▶ [TASK OBJECTIVE]: Copy the data that appears below exactly. Drop the pictures.

▶ [THE DATA]:

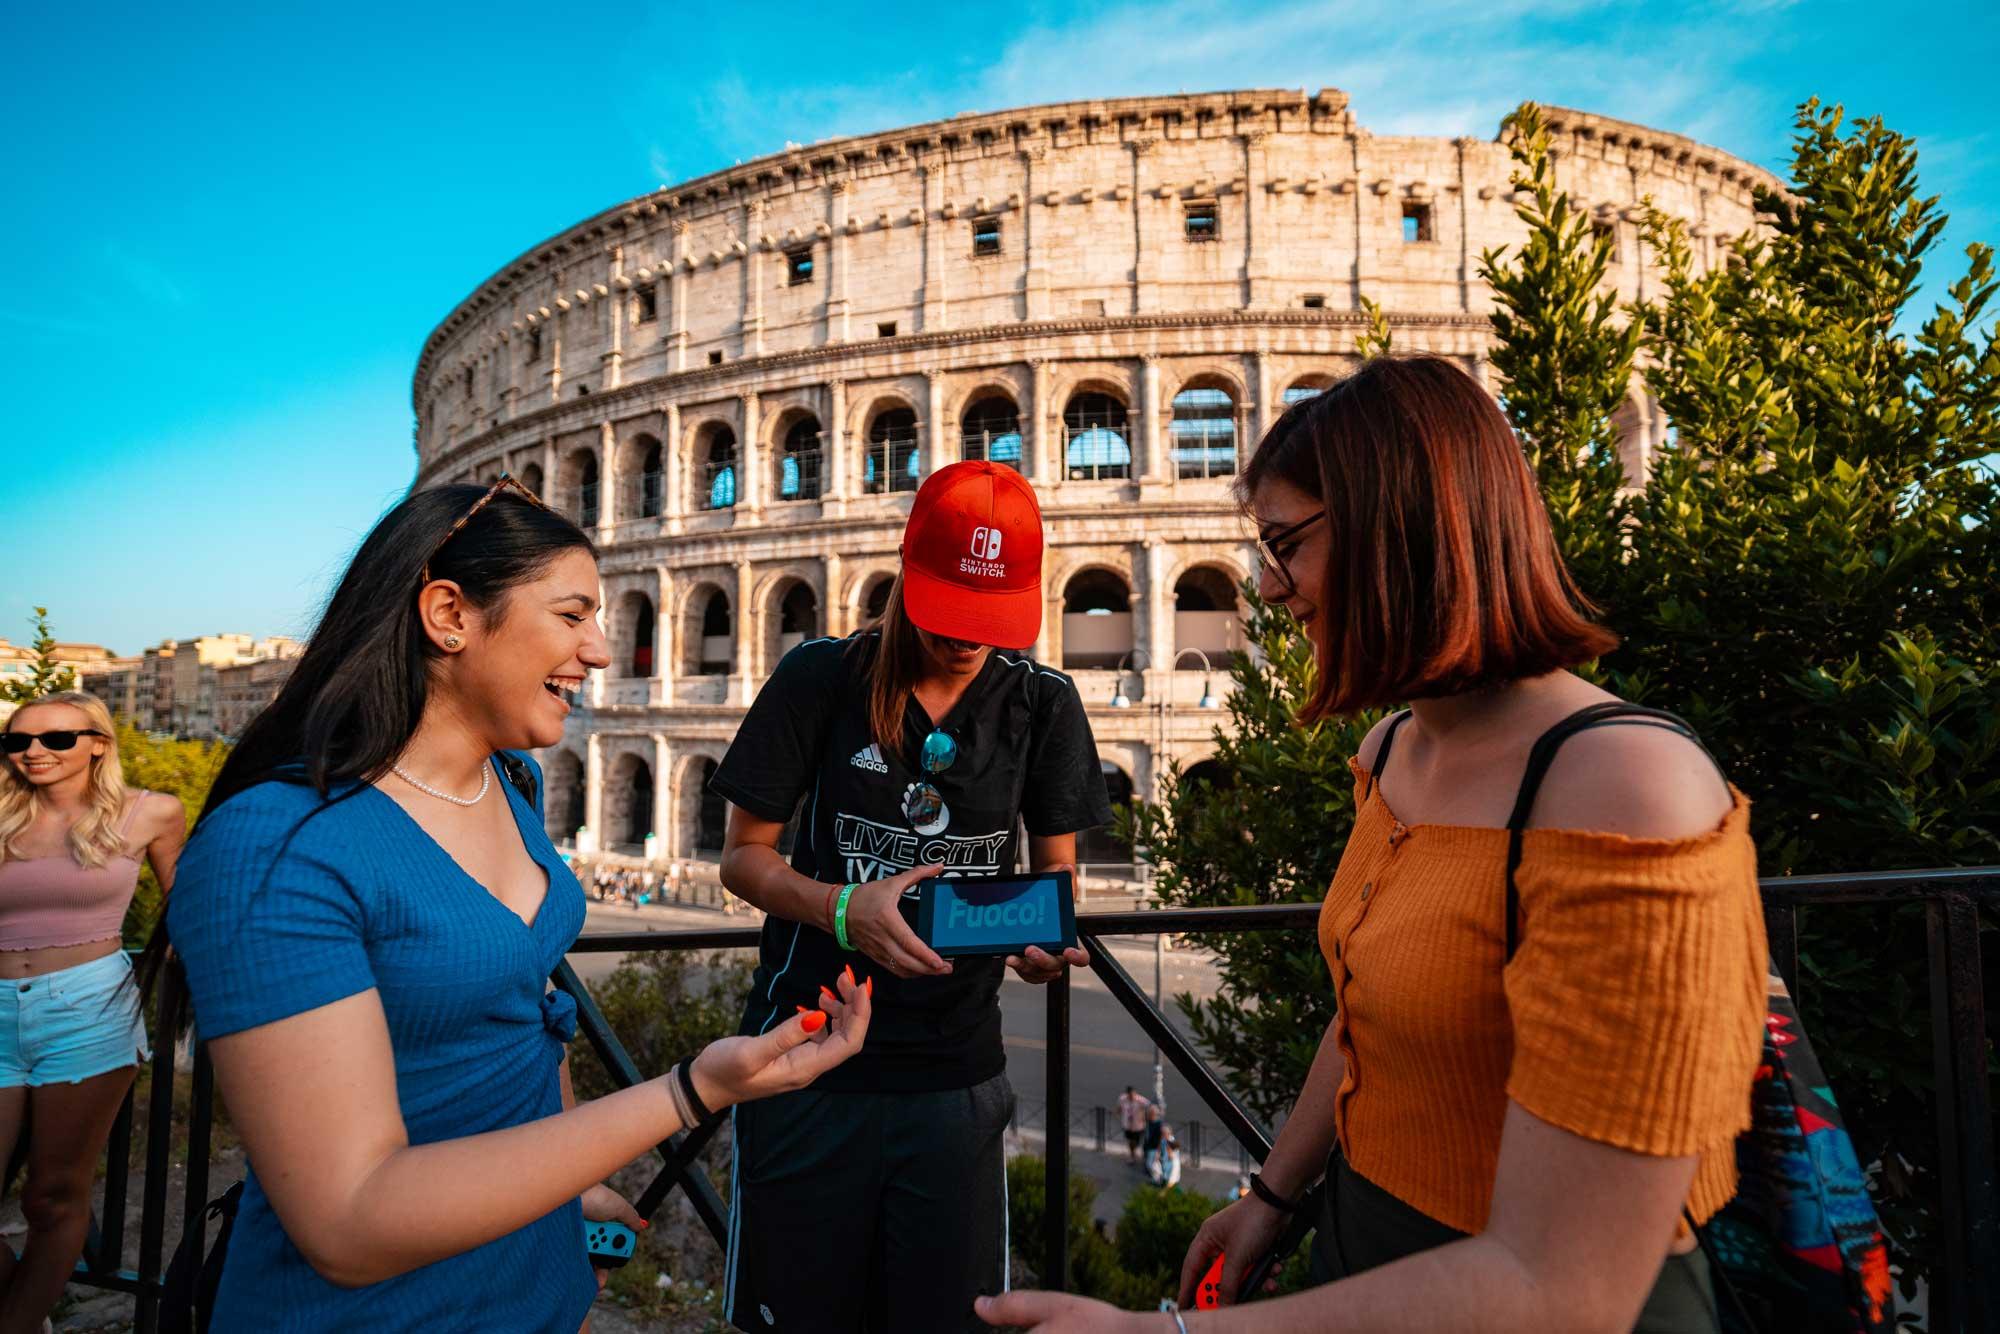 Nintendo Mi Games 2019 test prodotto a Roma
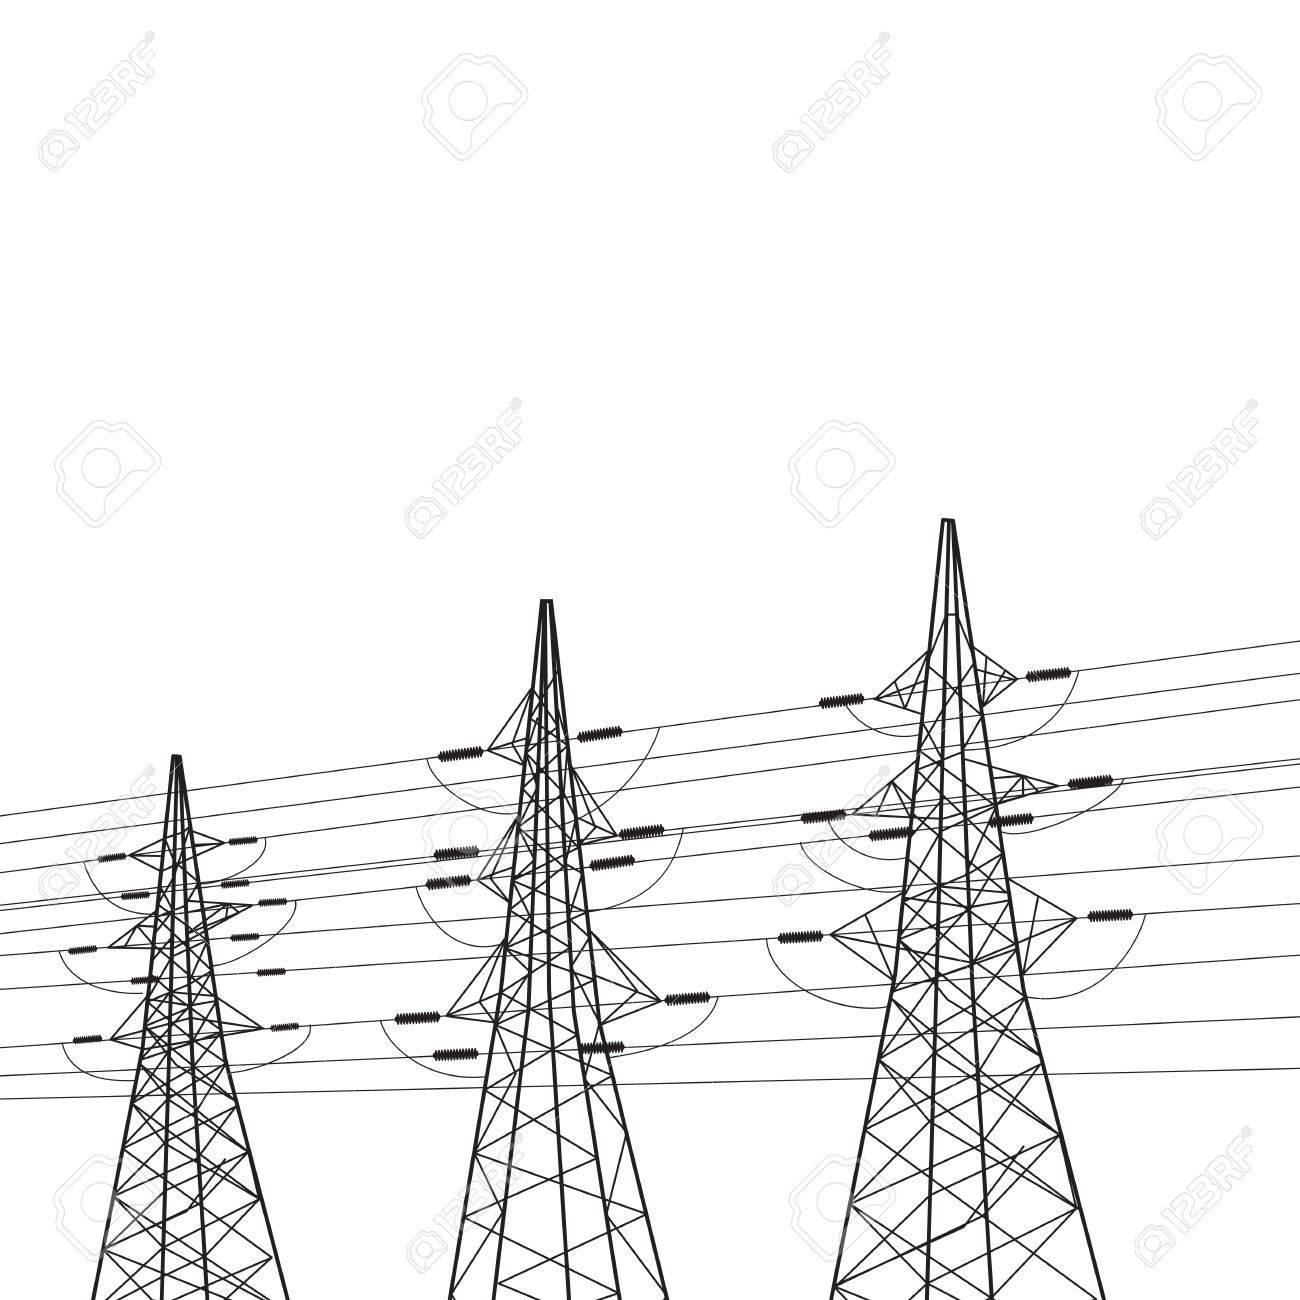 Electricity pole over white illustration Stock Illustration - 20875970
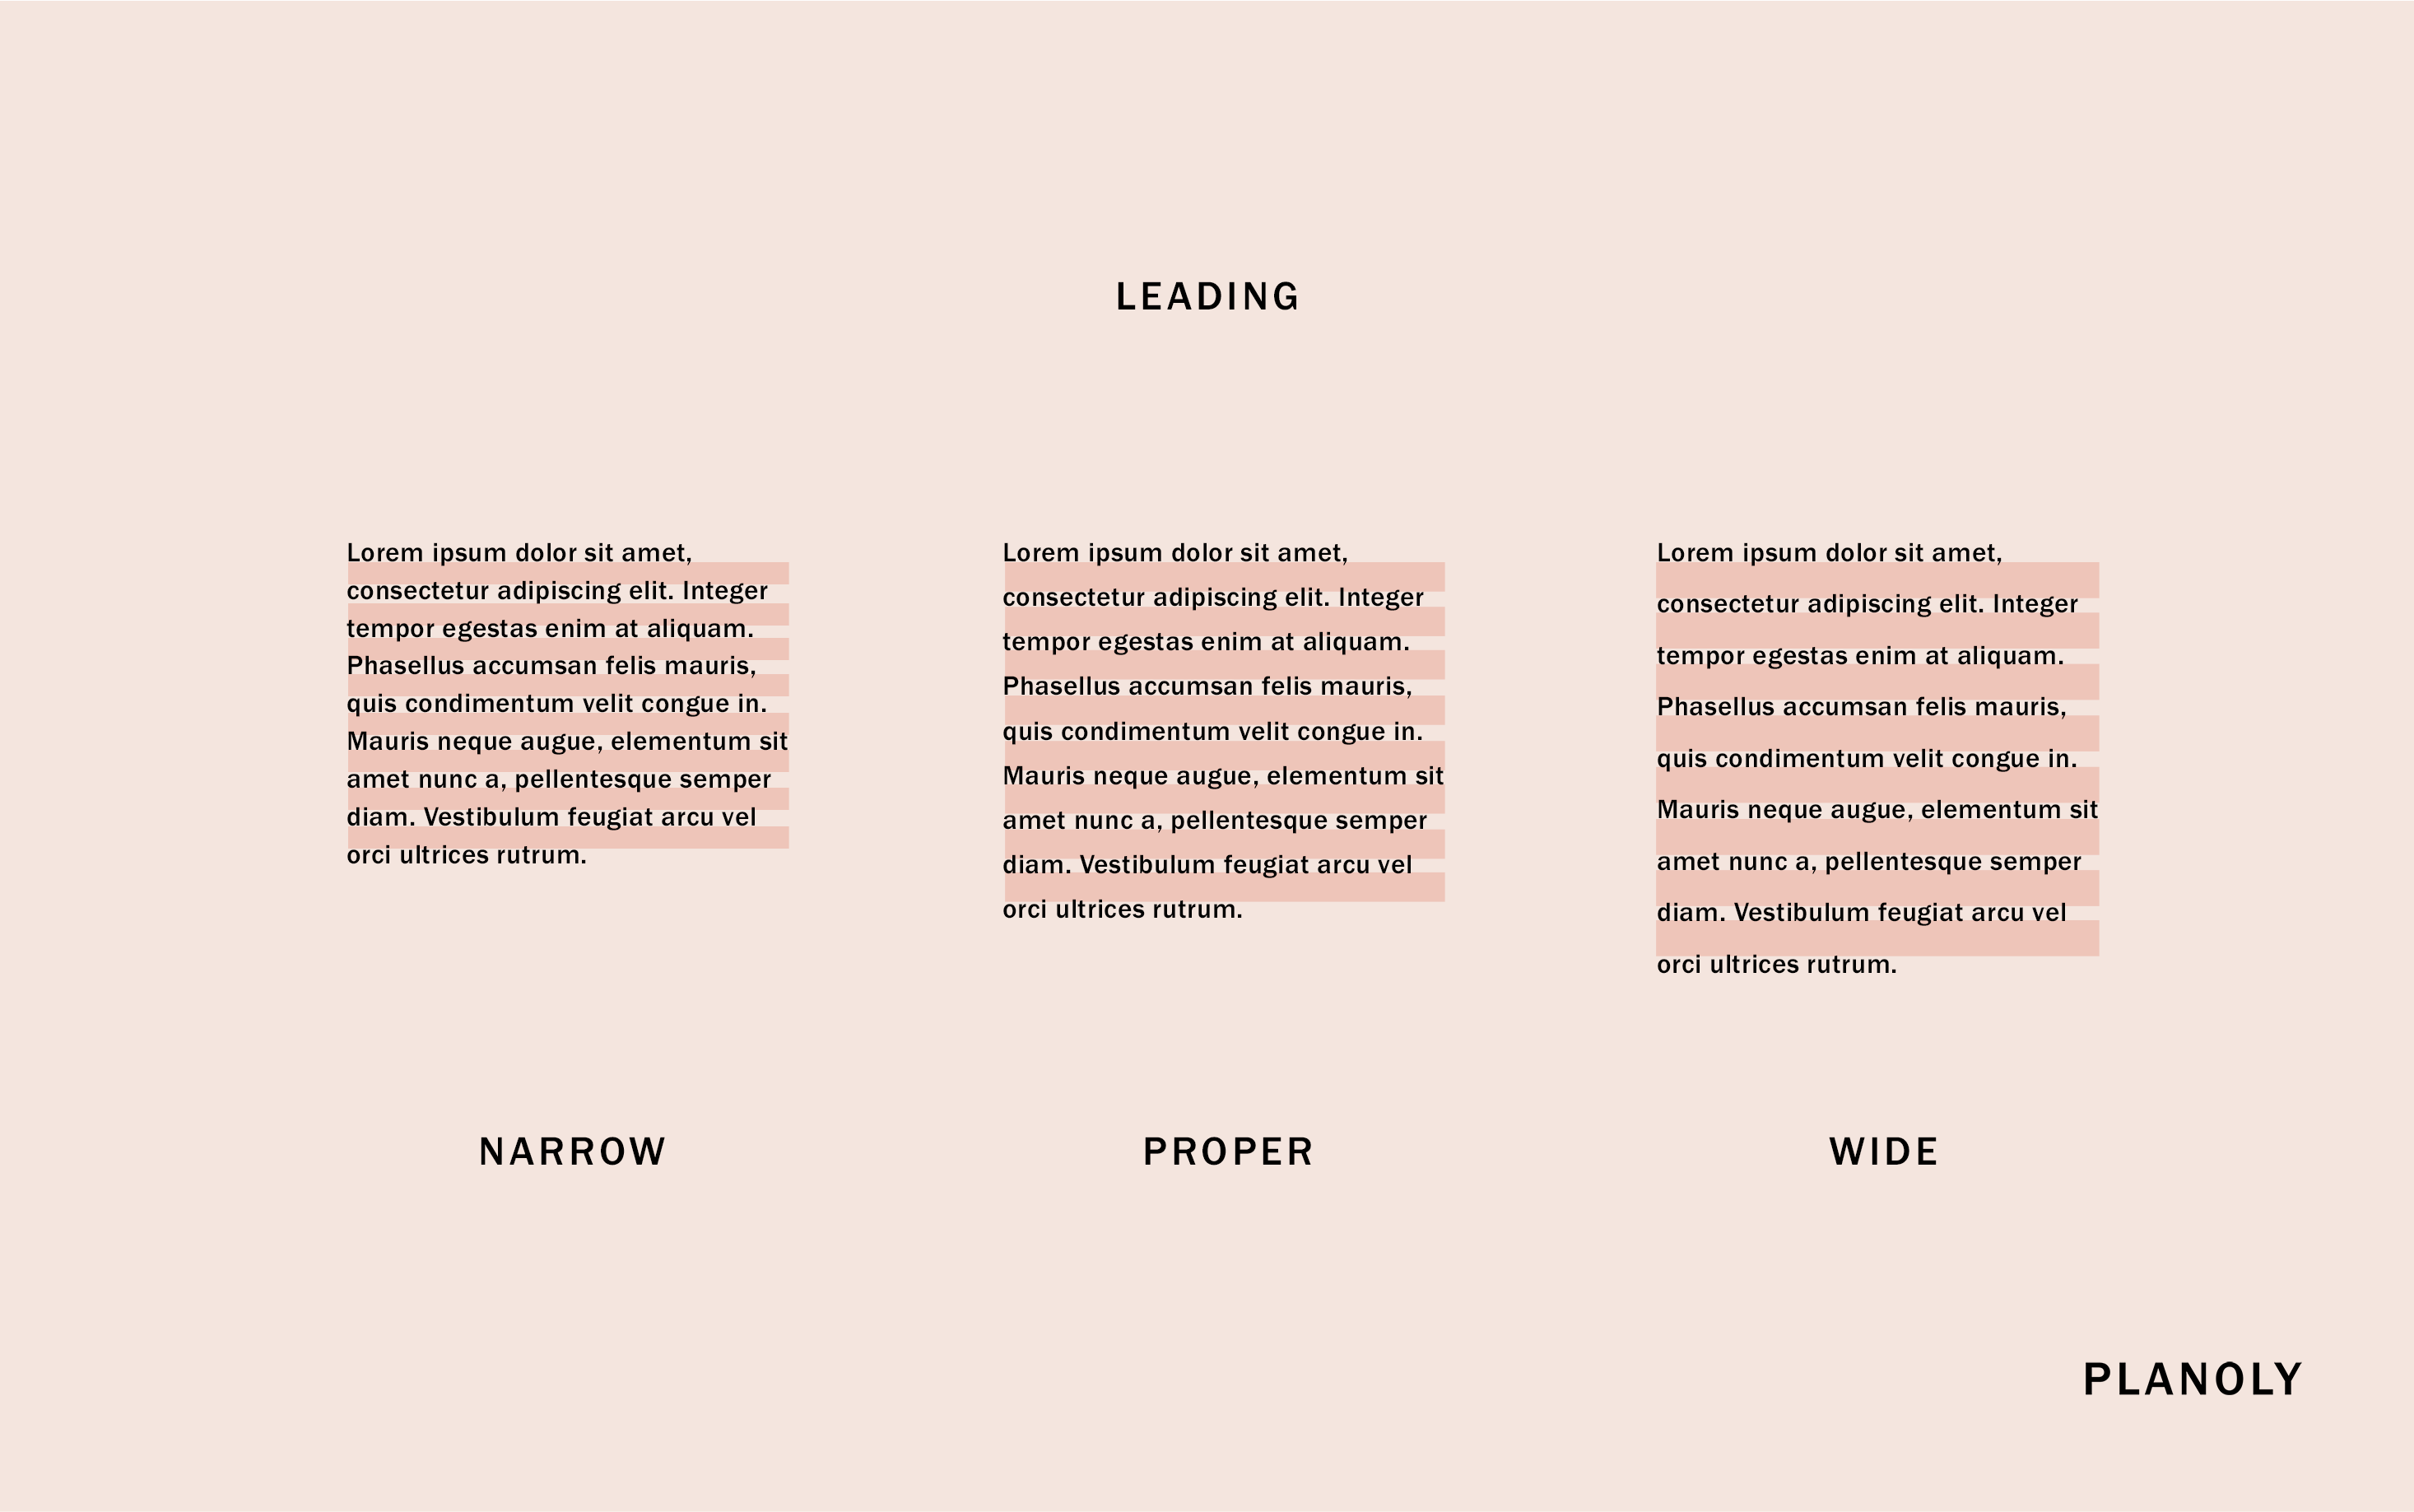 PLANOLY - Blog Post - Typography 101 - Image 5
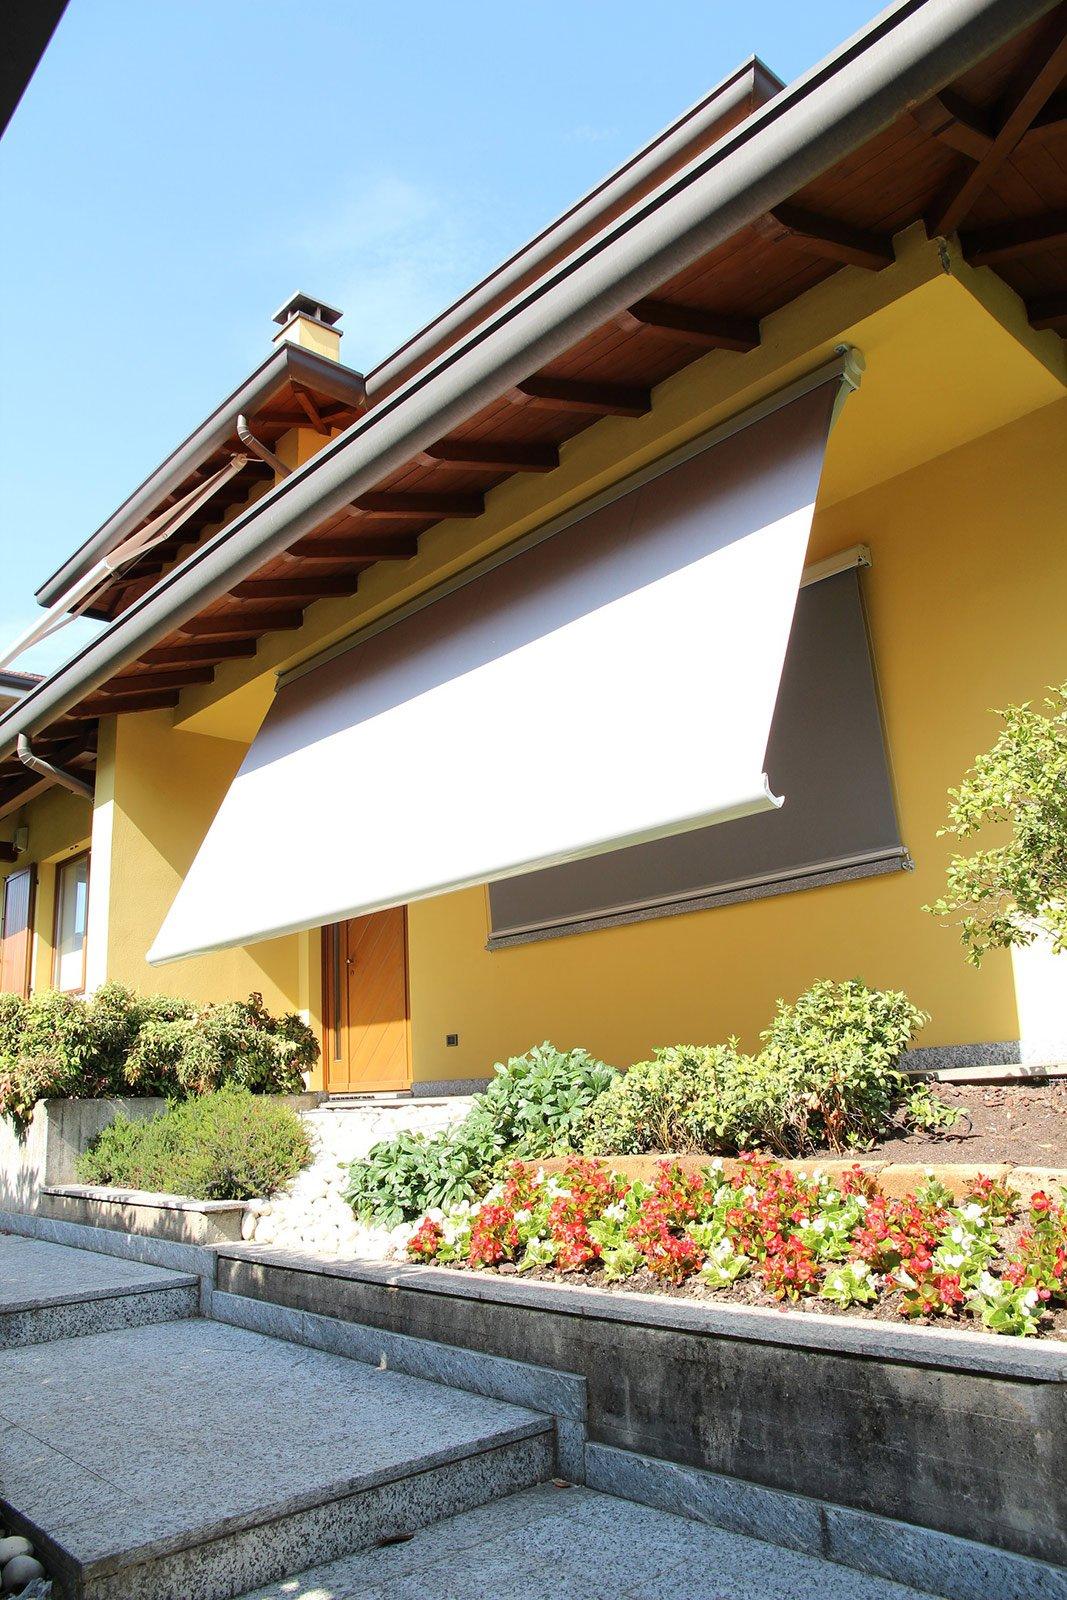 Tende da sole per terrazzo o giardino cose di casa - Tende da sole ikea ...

▶ [EXERCISE RESPONSE]:
 Nintendo Mi Games 2019 test prodotto a Roma
 Electricity pole over white illustration Stock Illustration - 20875970
 PLANOLY - Blog Post - Typography 101 - Image 5
 Tende da sole per terrazzo o giardino cose di casa - Tende da sole ikea ...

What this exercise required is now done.